Contents
Overview
The United Kingdom and Ireland Programming Contest (UKIEPC) 2017 took place a few weeks ago. I used to participate semi-actively and had a rather annoyingly consistent habit of finishing in third place at Imperial. I haven’t done contest programming for quite a good amount of time, though some of my experience from interviewing candidates at Palantir might have helped.
Teams are given five hours to solve somewhere from eleven to thirteen problems. These problems involve submitting a program (the source will do) to an online judge, which typically runs said program against multiple test cases and evaluates the output of the user’s program in some way. This can entail simply checking strings, or alternatively checking if the given solution achieves some task (consider problem D in this set).

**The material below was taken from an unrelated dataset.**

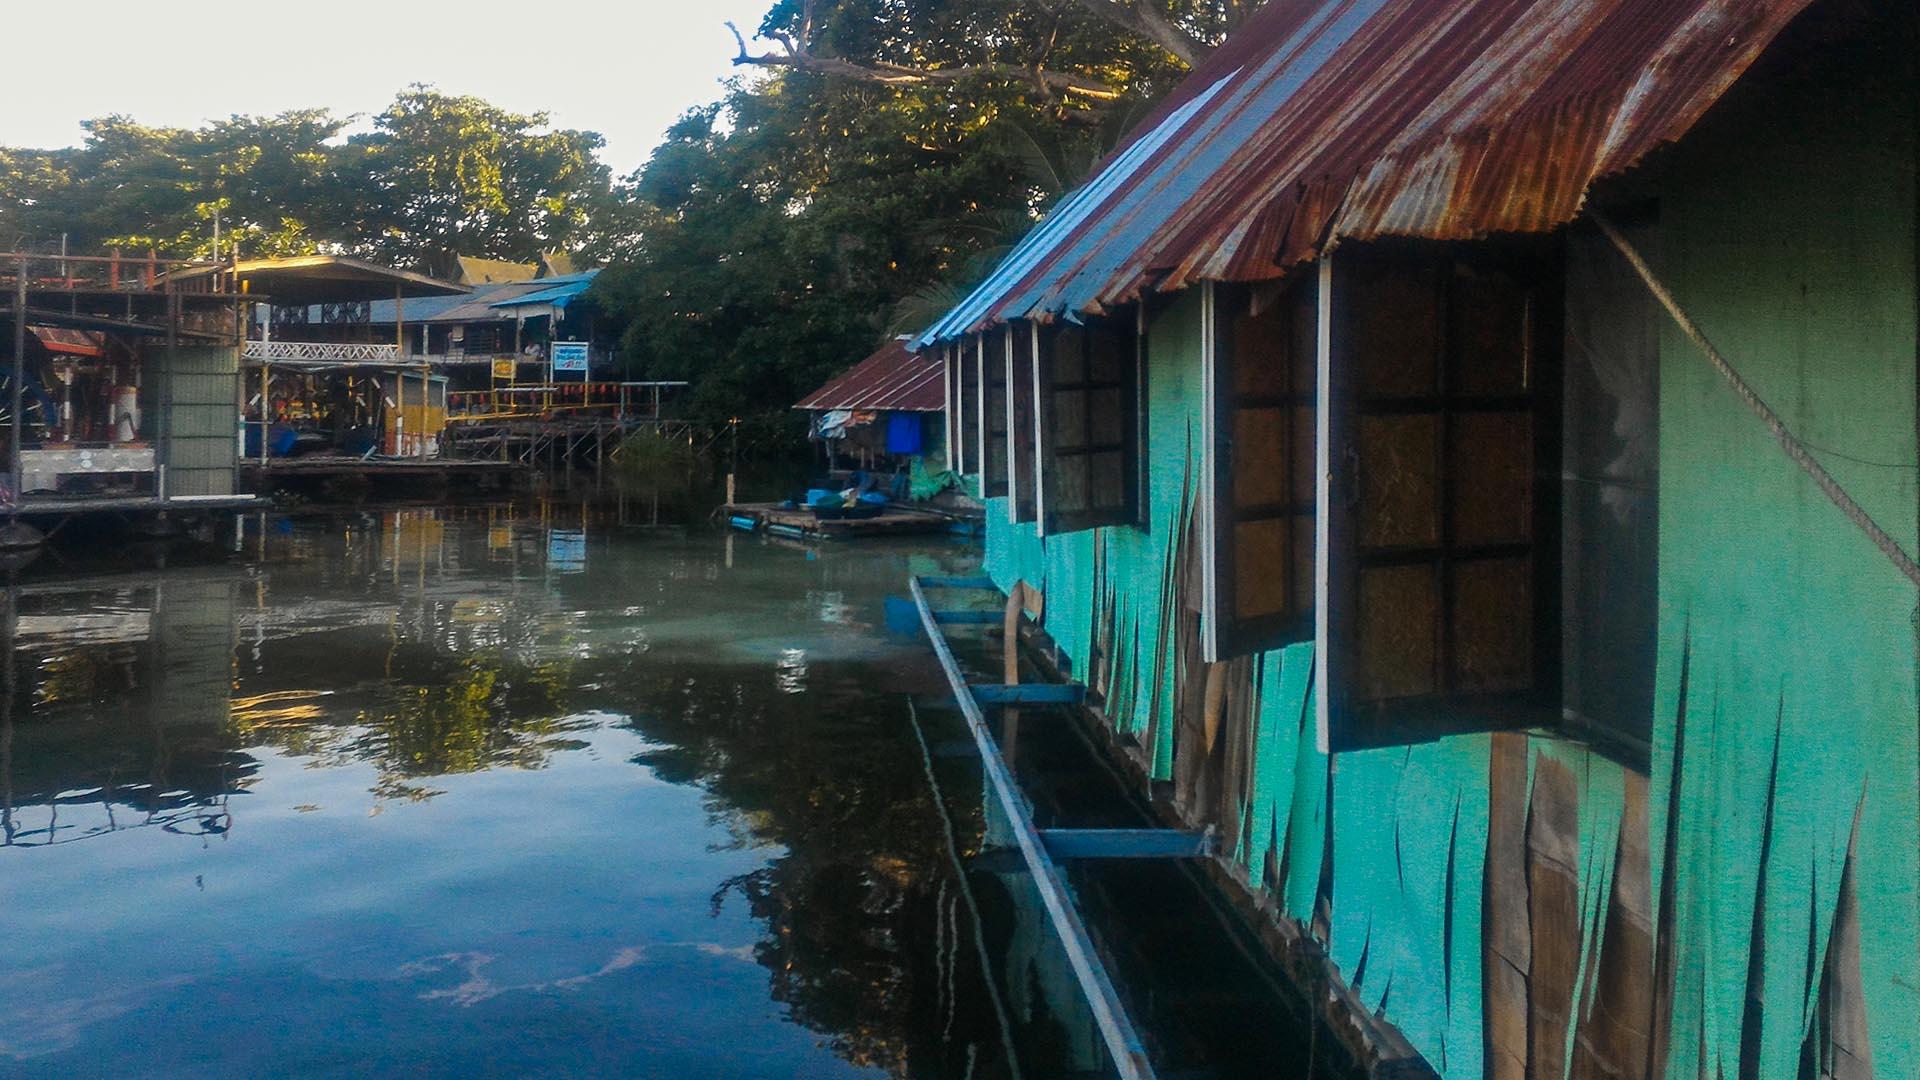 Nita Raft House

This time round I managed to figure out 9 problems, rather coincidentally with a total “penalty time” of 999 minutes. When teams are ranked, the number of problems solved is compared first; to break ties, teams are given penalty time, where solving a problem T minutes since the start of the contest, with F failed attempts, scores T + 20F penalty time. The penalty for failed attempts does not accrue until the relevant problem is actually solved. It’s still in one’s interest to finish solving any questions – even though it may give you arbitrary amounts of penalty time, it will not hurt your ranking. This score would have placed second at Imperial (maybe because some of the members of the usual team number 2 have graduated?) and, at time of writing, 51st out of 522 overall.
Problems
This half of my write-up (I intend to discuss this in two parts) covers what I think are the easier seven problems in the contest, in the order I tackled them. Looking at the metadata on Codeforces, there is a pretty clear drop-off after this. Interestingly, F was actually considered the hardest problem of the ones I’ve listed here (in that fewest teams solved it), but I was able to place it third in difficulty; I struggled more with D than some of the later ones, even, though mainly for implementation reasons.
C: Cued Up
Wrong answer at 9 minutes; correct answer at 18 minutes (10 minutes spent total).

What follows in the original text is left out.